What you will do. Here the job is to transcribe the data verbatim while leaving each picture out.

Given information.
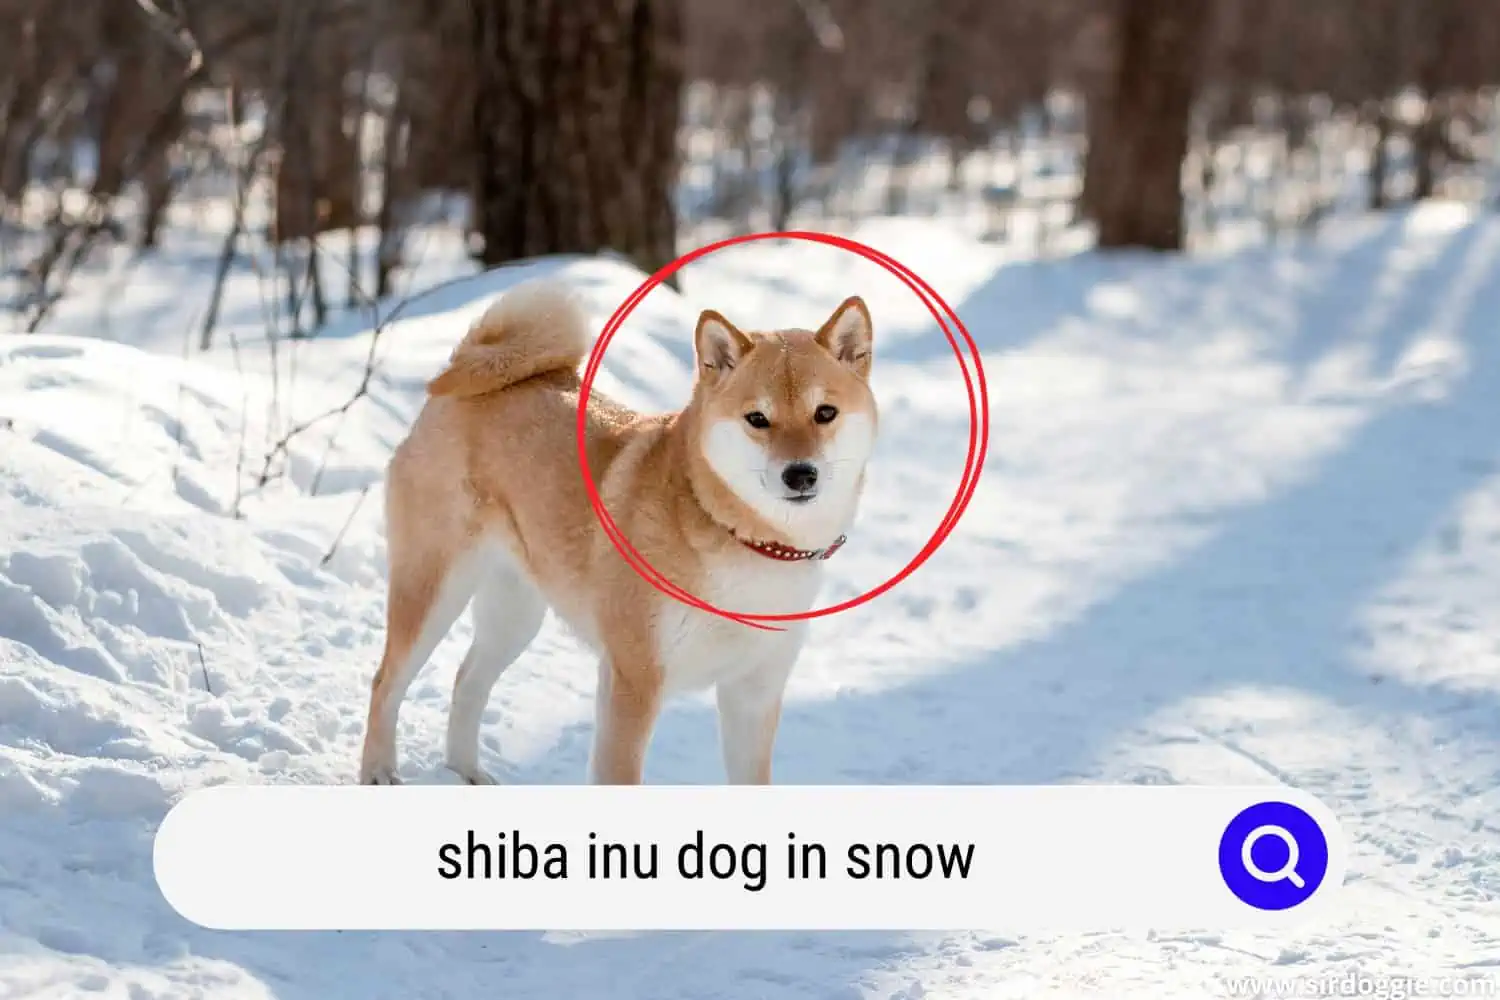 shiba inu dog walking in snow
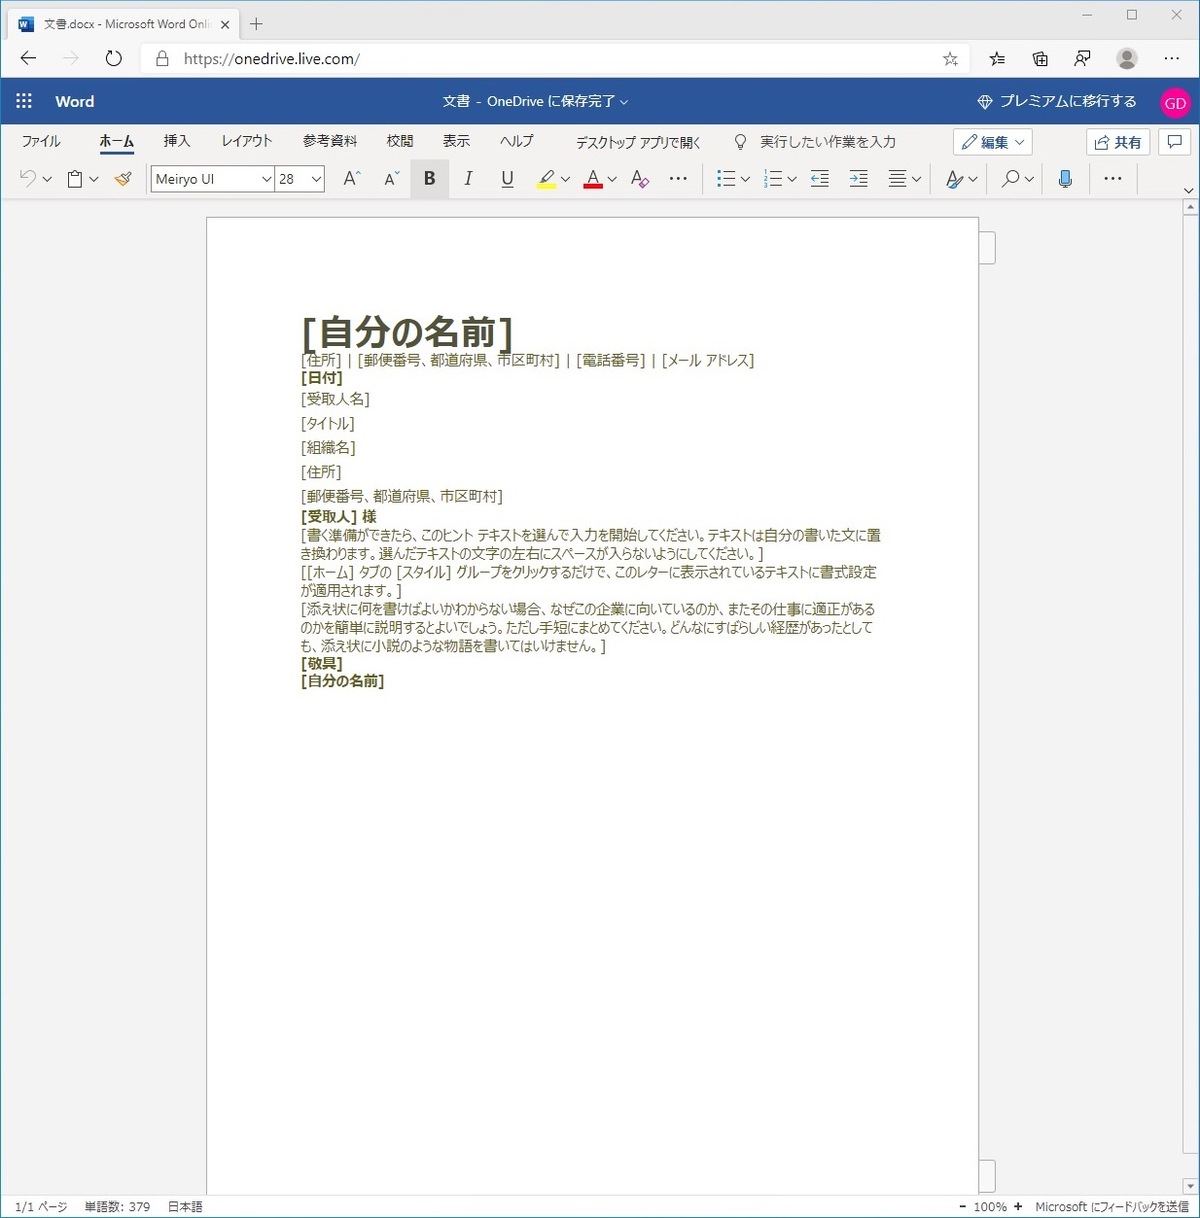 Microsoft Word Online使用サンプル - Windows 10
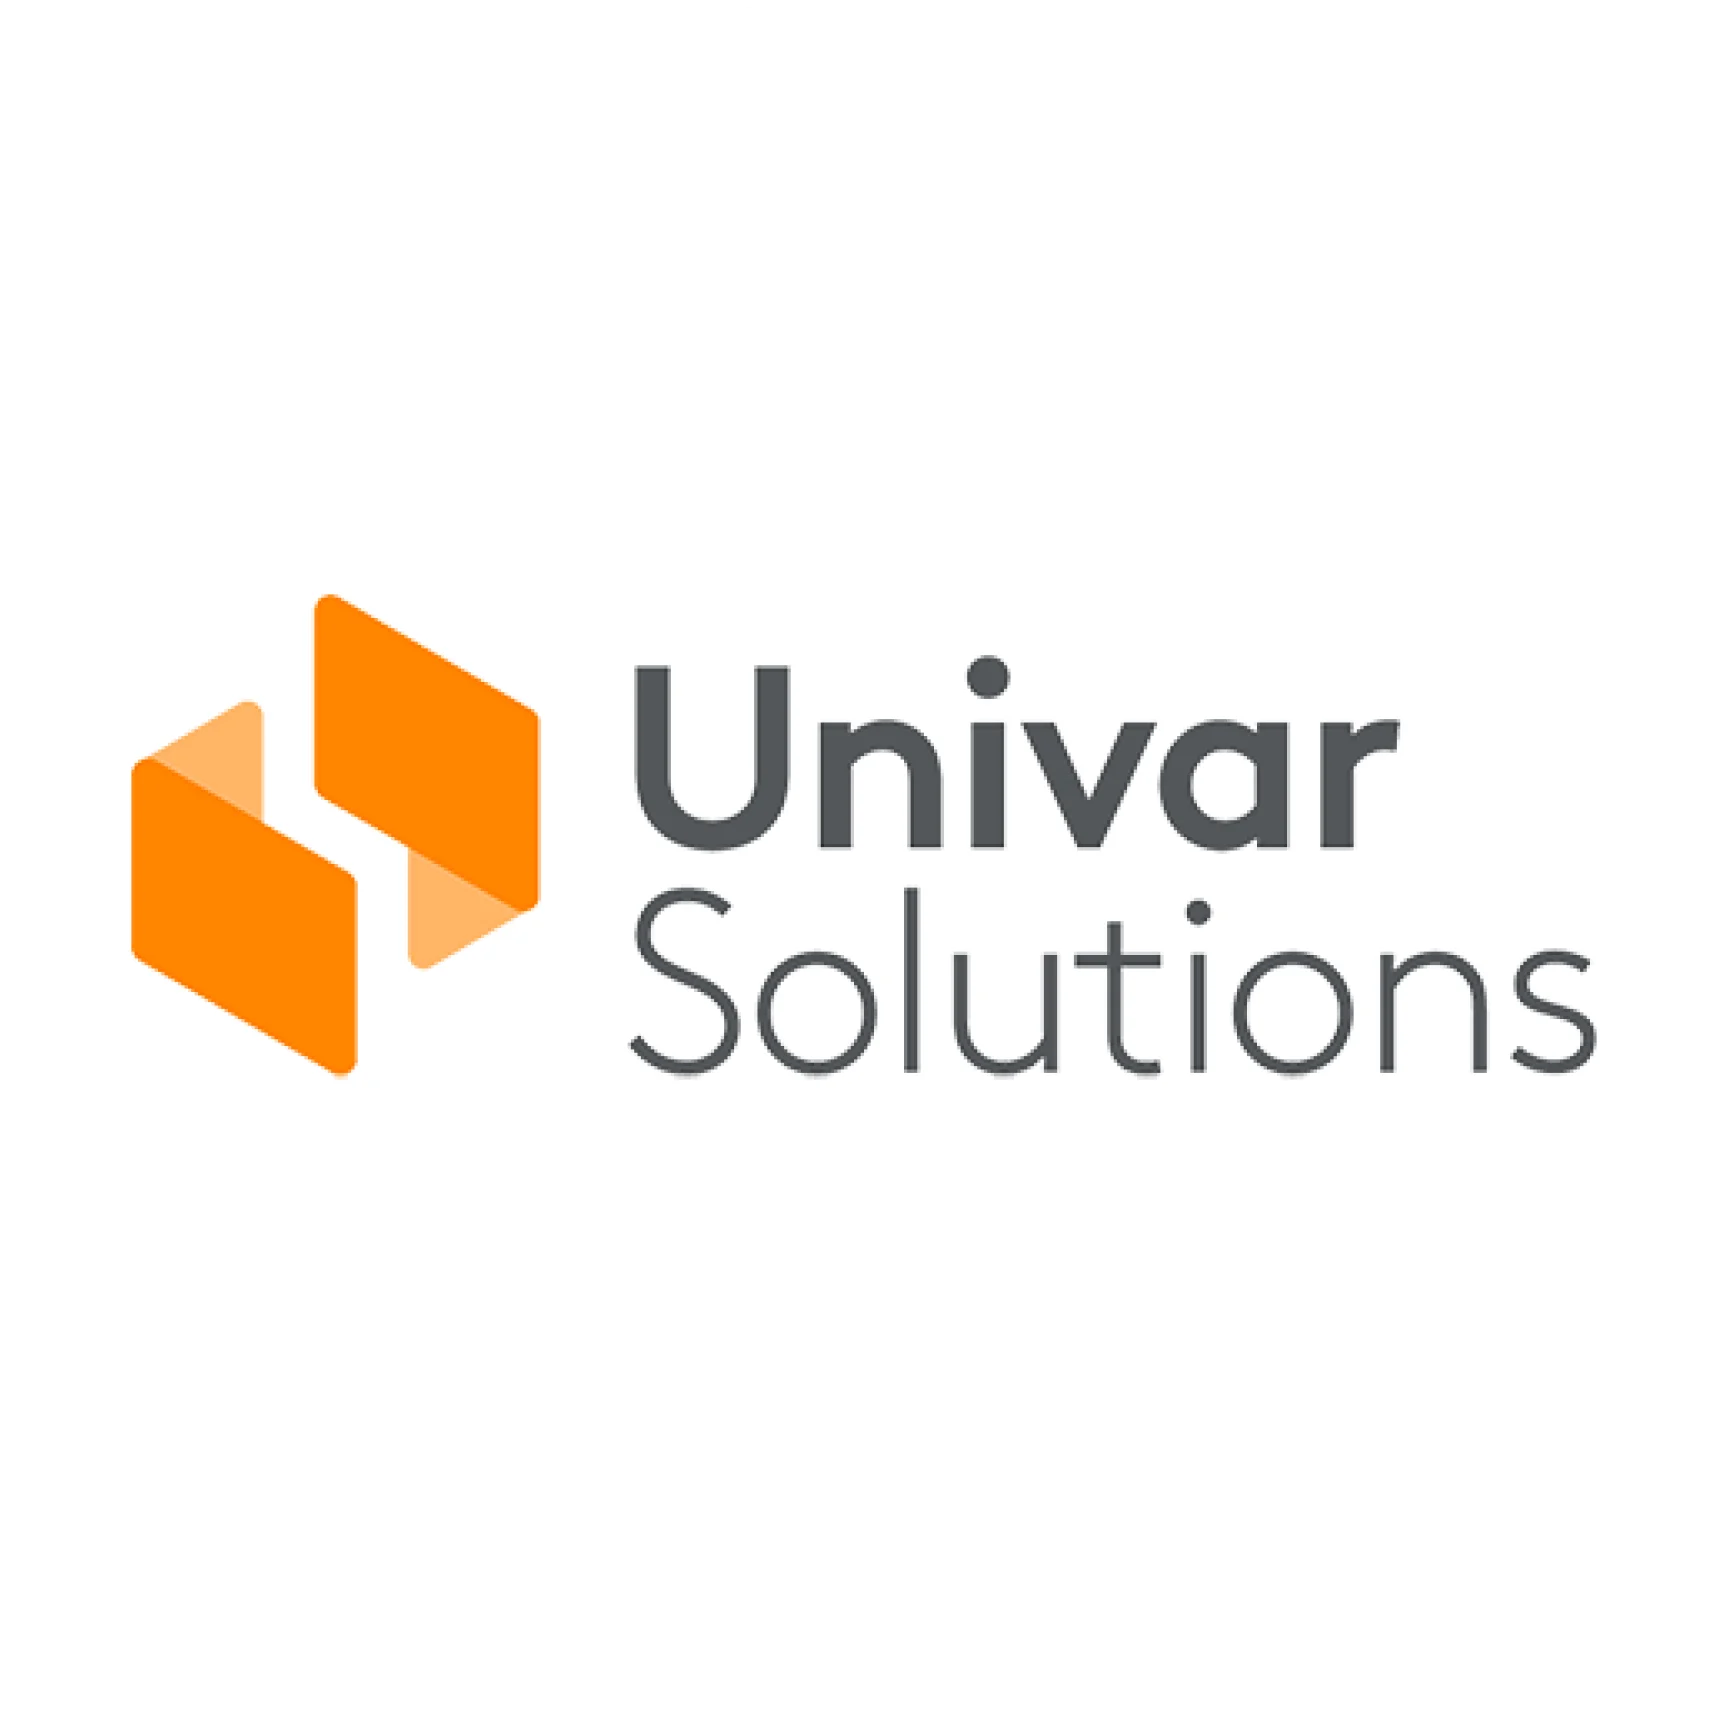 Univar Solutions

Result of the exercise.
 shiba inu dog walking in snow
 Microsoft Word Online使用サンプル - Windows 10
 Univar Solutions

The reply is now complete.